◆ Try it
Reproduce, exactly, the lines of the material below from the line containing "Skims dress outfit" through the line containing "Cirsium occidentale, with", with both end lines included and nothing else.

◆ Records for the task
# # # # #

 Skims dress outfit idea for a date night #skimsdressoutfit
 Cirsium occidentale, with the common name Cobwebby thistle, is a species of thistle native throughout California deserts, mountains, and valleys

# # # # #

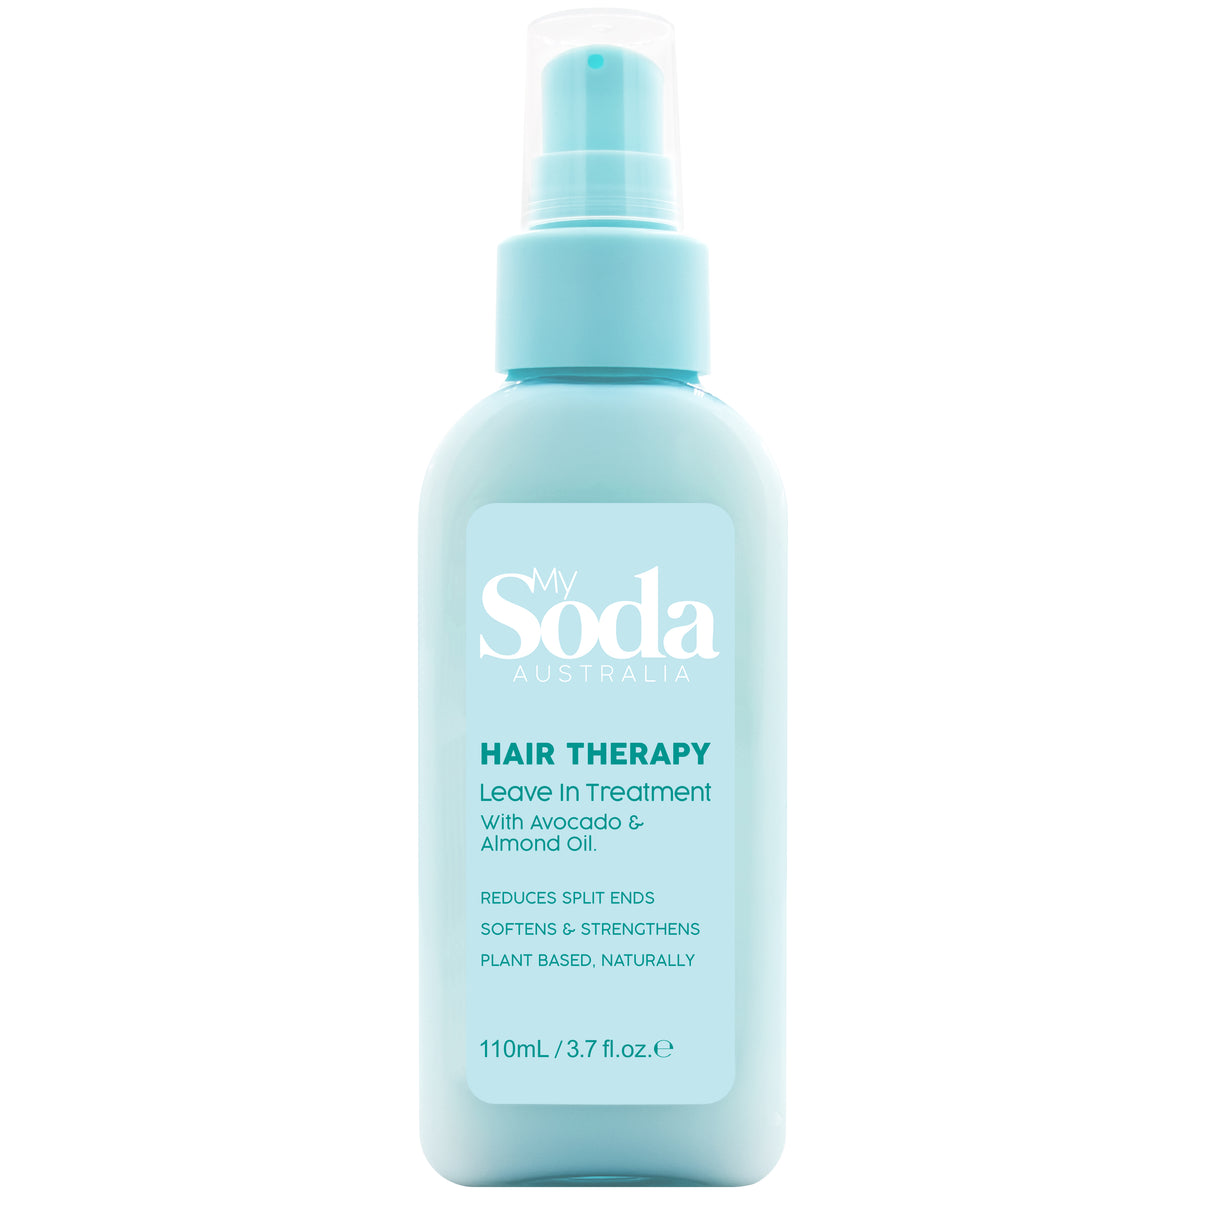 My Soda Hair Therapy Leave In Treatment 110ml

# # # # #

◆ Expected output
 Skims dress outfit idea for a date night #skimsdressoutfit
 Cirsium occidentale, with the common name Cobwebby thistle, is a species of thistle native throughout California deserts, mountains, and valleys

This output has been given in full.